There is an estimated 2.5% of Ghanaians living with various forms of disabilities. Concern about the special need for care and protection for the disabled came to the fray in Ghana as far back as the 1960s after media reports and stories about the inhumane treatment PWDs were subjected to especially in rural areas begun gaining public attention.

Myths about persons born with specific defects were judged spirit children and automatically sentenced to be killed to pacify the Gods of their villages. Several persons with the disability were found chained, locked up and sometimes given concoctions to aid their quick death to avoid the stigma and burden of keeping them.

The Osagyefo Dr Kwame Nkrumah Conventions Peoples Party (CPP) administration set up a committee to investigate issues pertaining to disability in the country. One of the recommendations to the government at the time was for government to take full charge of the training, welfare and employment of persons living with disabilities. The committee also had a reintegration component to its recommendations which was linked directly to economic empowerment.

The idea was for government to provide a startup capital to set up these citizens and have the social welfare department, supervise their activities till they were fully independent.
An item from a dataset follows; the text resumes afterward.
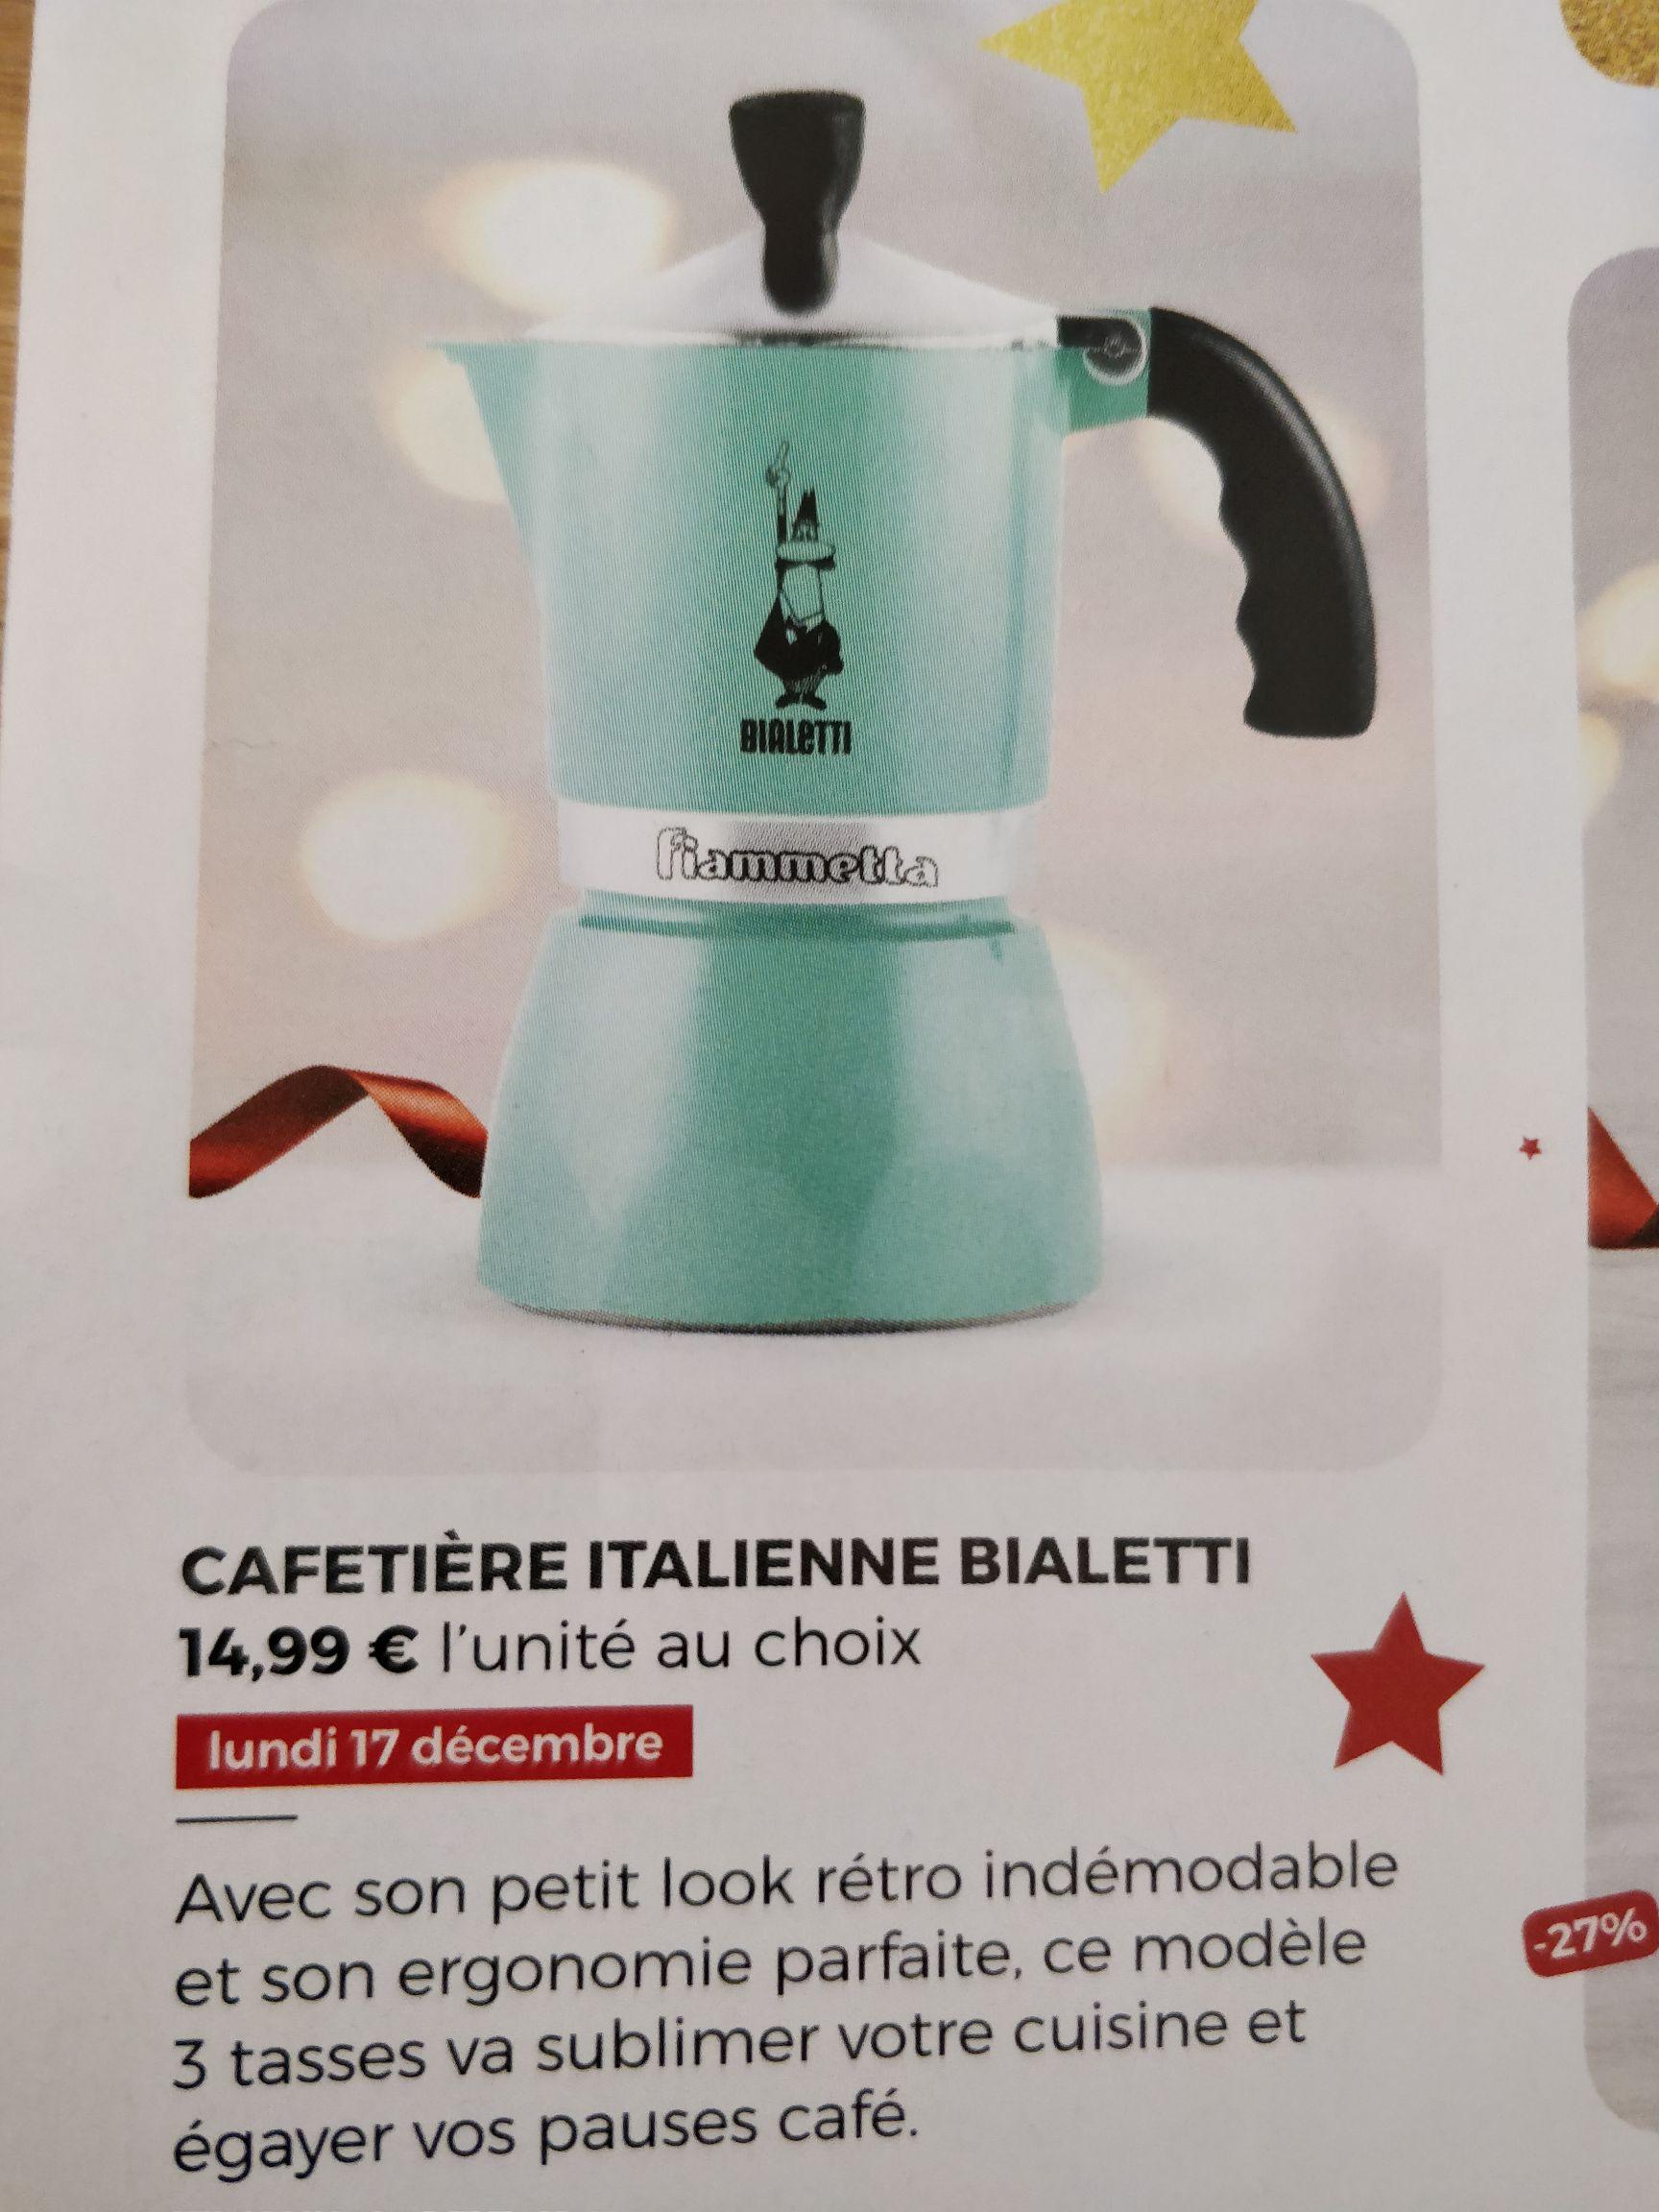 Cafetière italienne Bialetti

This saw a domination of ‘disabled’ teachers, teaching craft in elementary and middle schools. Several of these trained people were given jobs that matched with their set skills in public institutions.

Since then, Ghana has in the past recent years had several nongovernmental organizations and state recognized associations and authorities established to champion the course of people living with one or more forms of impairment. The most vibrant associations have done quite some substantial work in the areas of deafness/hearing impairments, mental/intellectual disabilities, blind/visual impairment and various forms of physical impairment.
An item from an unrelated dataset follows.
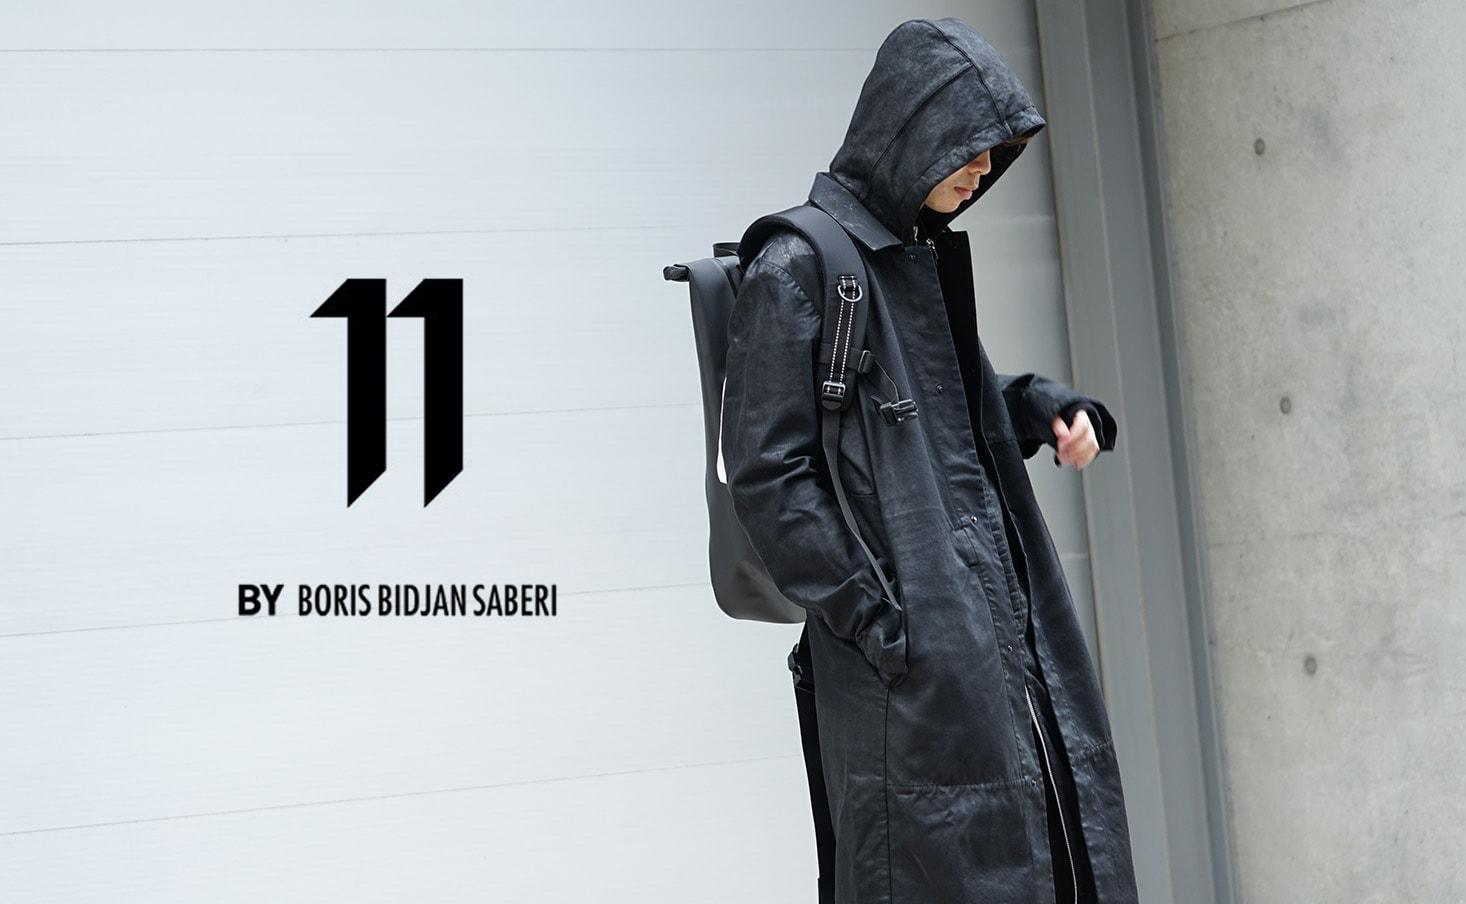 11 BY BORIS BIDJAN SABERI 18-19 aw collection

Government has set in place a council for persons living with the disability, the mental health board and the ministry of gender, children and social responsibility to oversee and support the affairs of persons with disability. The country has also ratified the persons with disability act 2006 whose moratorium ends this year for full implementation.
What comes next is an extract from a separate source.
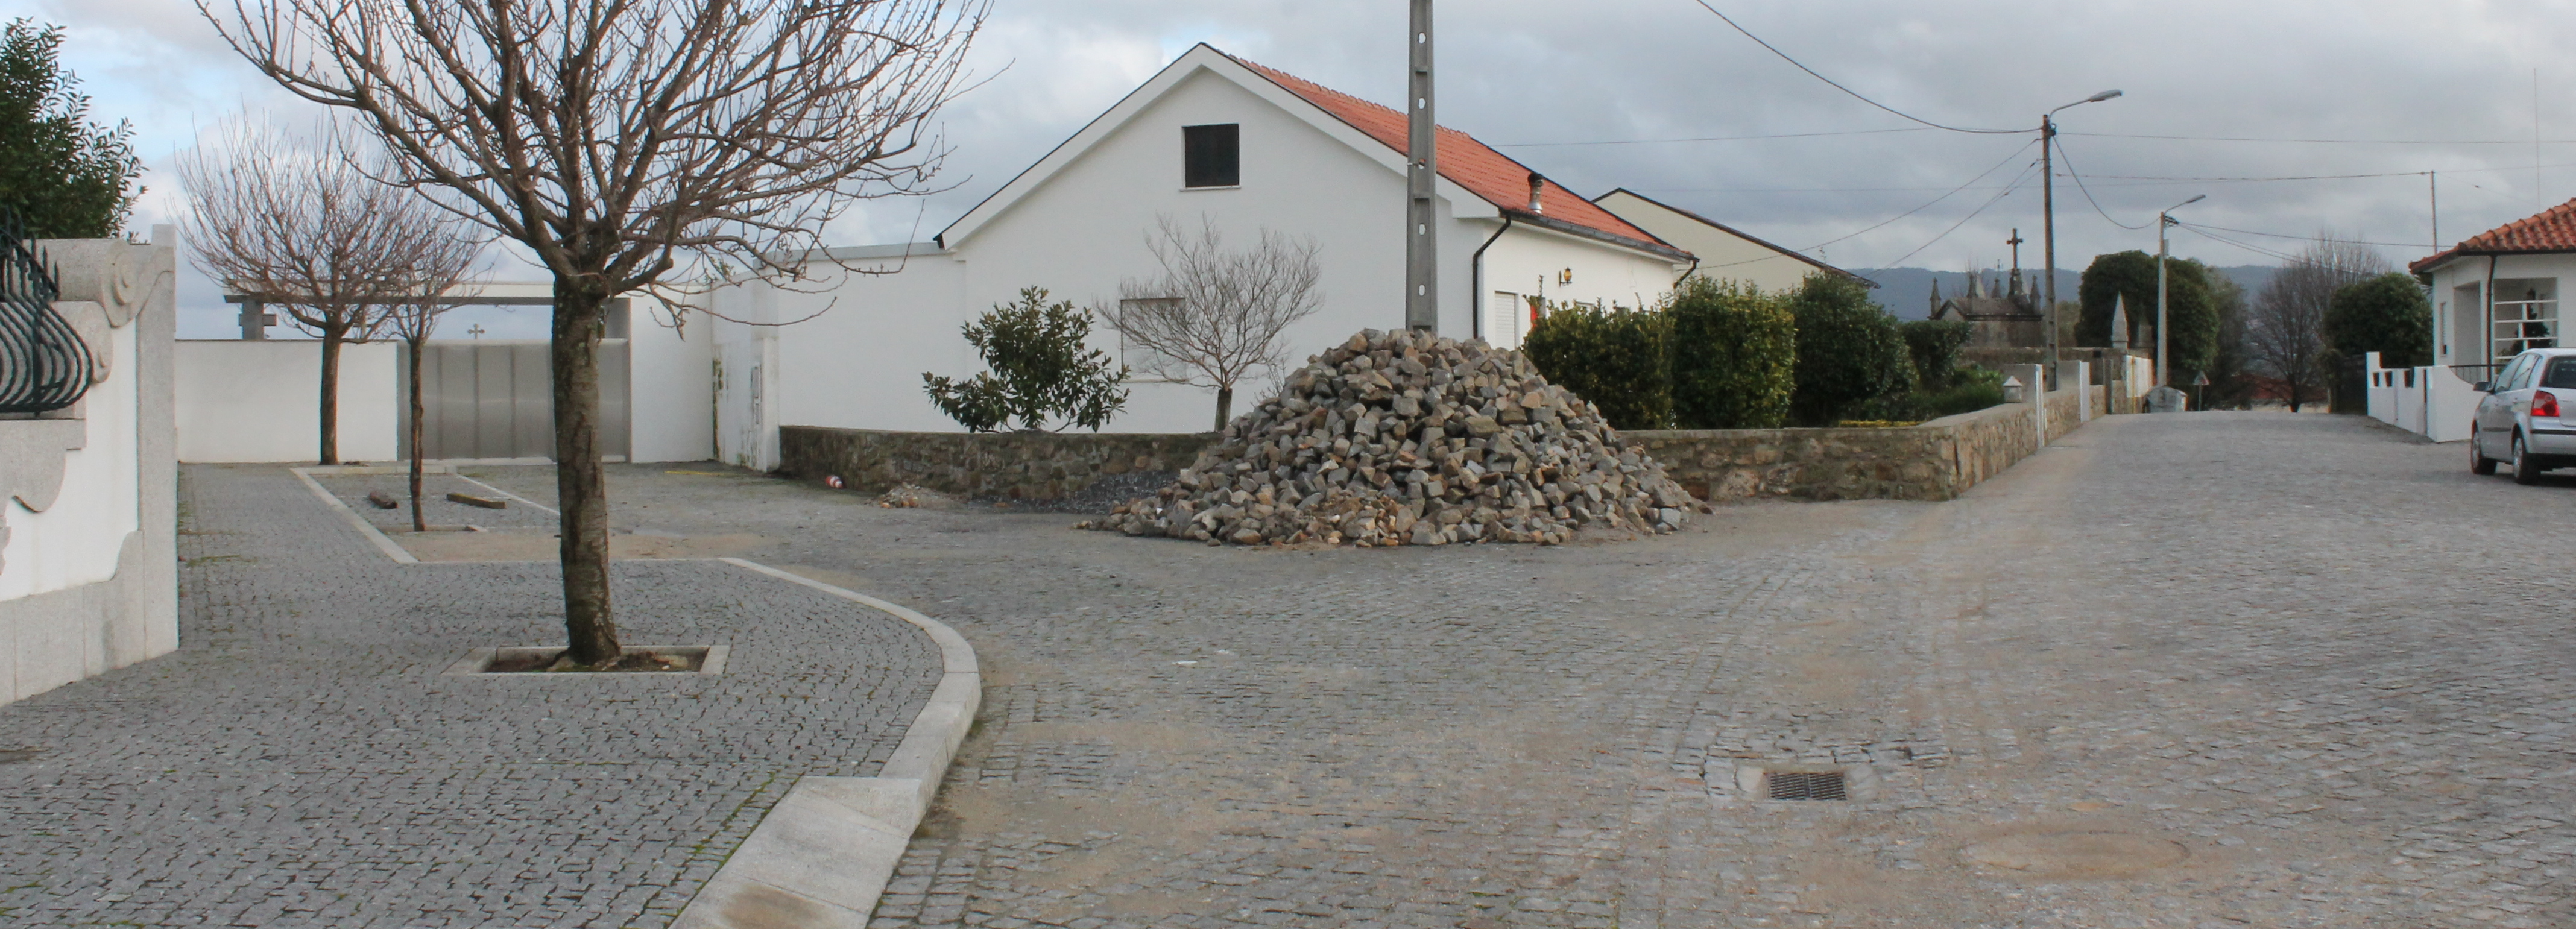 Junta de Arcozelo requalifica Rua da Igreja

In addition to this, Social Welfare offices have been established in all districts across the country, to do sensitization and registration of persons with disability. Government has also set aside 2% of the district assembly common fund to cater for persons with disability in the country. The president John Dramani Mahama in his 2016 state of the nation address also promised to lay before parliament a proposition to increase the disability share of the DACF to 3%. The social net pro-poor program, the Livelihood Empowerment against Poverty program established by the government of Ghana has also made provision for subsistence subventions for people who by reason of their extreme forms of disability are economically inactive.

Notwithstanding all of the above, a considerable portion of these investments and efforts have gone into sensitization and advocacy leaving the very important aspect of training and empowering the person with the disability to its sorry fate.

Perhaps because the majority of the very people appointed to make decisions have not had a feel of disability and the challenges a person with the disability must encounter in a country like Ghana to attain a decent training and be recognized enough to secure a source of livelihood.